1. «La verdad os hará libres» (Jn 8,
32).
Estas palabras de Jesús constituyen el hilo
conductor de la reciente encíclica Veritatis splendor, que ha querido ser un
anuncio de verdad y un himno a la libertad: valor tan sentido por el hombre de
nuestro tiempo y profundamente apreciado por la Iglesia.
Pero, ¿qué es la libertad?
La cultura contemporánea vive de modo dramático
esa pregunta. En efecto, se halla muy difundida la tendencia a considerar la
libertad algo absoluto, desligado de todo límite y sentido de
responsabilidad. Ahora bien, una libertad así entendida seria evidentemente
inauténtica y peligrosa. Por consiguiente, no es casualidad el hecho de que
todas las sociedades sientan la necesidad de regular de alguna manera su
ejercicio.
¿Dónde encuentra su legitimidad esa regulación?
Si se tratara de una intervención puramente pragmática y convencional, sin un
arraigo profundo, las sociedades quedarían radicalmente expuestas al triunfo
del arbitrio, amenazadas siempre por el atropello y el dominio del más fuerte.
La verdadera garantía de una libertad ordenada está en su fundamento
moral, reconocido por los individuos y las comunidades en su conjunto.
2. «La verdad os hará libres».
Según el Evangelio, la libertad debe
apoyarse sobre el cimiento granítico de la verdad. No todo lo que
es posible materialmente resulta también lícito moralmente. La libertad moral
no es la facultad de hacer lo que se quiera, sino la capacidad que tiene el ser
humano de realizar, sin constricciones, lo que corresponde a su
vocación de hijo de Dios, hecho a imagen de su Creador.
El hombre, por consiguiente, no es
verdaderamente libre cuando se aparta de las exigencias profundas e inmutables
de su naturaleza. Fuera de esta verdad, acabaría por ser prisionero de sus
peores instintos, esclavo del pecado (cf. Jn 8,
34), y sus éxitos, tanto personales como sociales, no serían más que desastres,
como por desgracia la experiencia demuestra ampliamente.
Pero ¿puede la persona conocer con certeza esa
verdad suya? Ésta es, tal vez, la pregunta crucial de nuestro
tiempo, tan imbuido de relativismo y escepticismo.

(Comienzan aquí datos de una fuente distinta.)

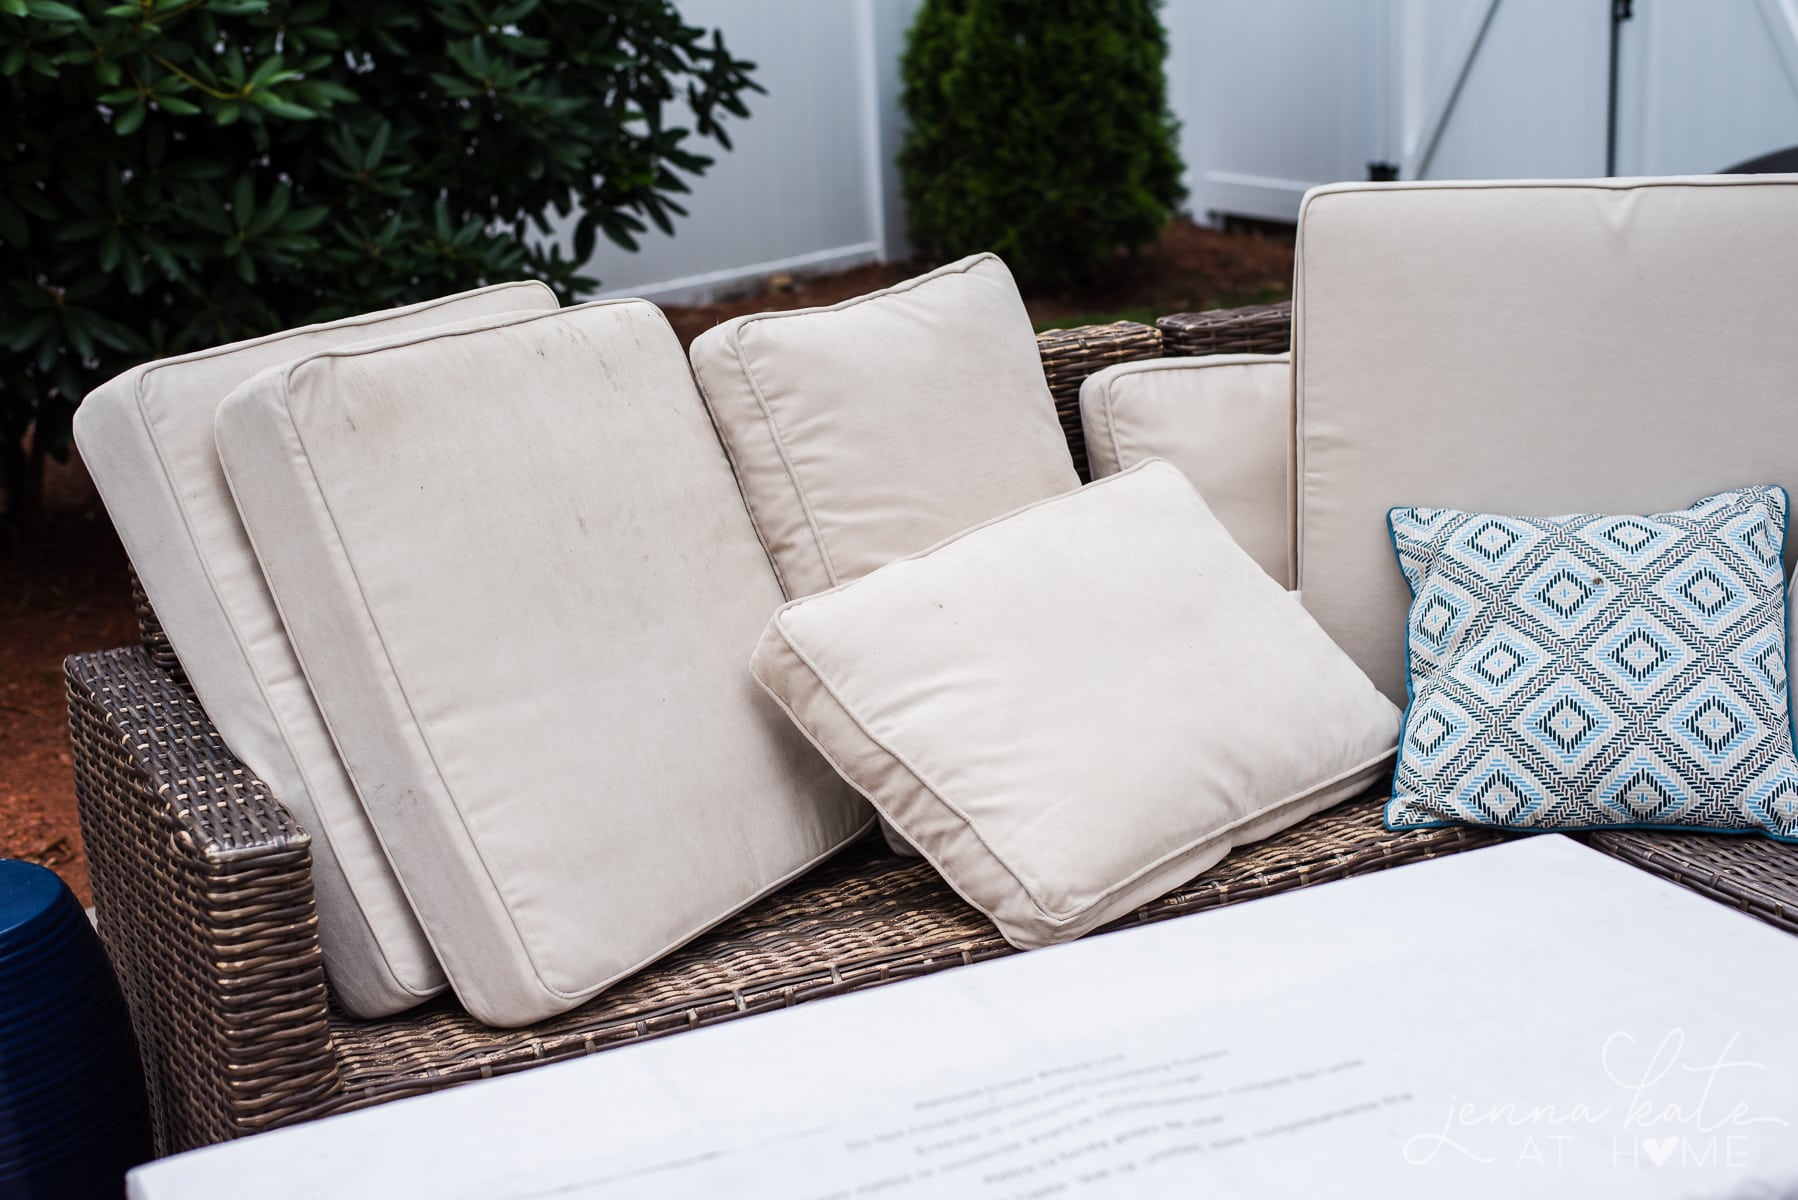 How To Clean Outdoor Cushions Jenna, Can I Wash Outdoor Cushion Covers

La Iglesia cree en la fuerza de la razón que,
«aunque a consecuencia del pecado esté parcialmente oscurecida y debilitada» (Gaudium et spes, 15), nos hace de alguna
manera, «partícipes de la luz de la inteligencia divina» (ib.) y,
mediante la conciencia, nos orienta sin cesar a la verdad moral. Así pues,
lejos de oponerse a la fe, la razón encuentra precisamente en ella un apoyo,
una confirmación y una profundización, pues Jesús, el Verbo encarnado, no sólo
revela Dios al hombre, sino que también manifiesta plenamente el hombre al
propio hombre (cf. ib., 22). Cristo es el Redentor del hombre,
el «libertador» de su libertad (Veritatis splendor, 86).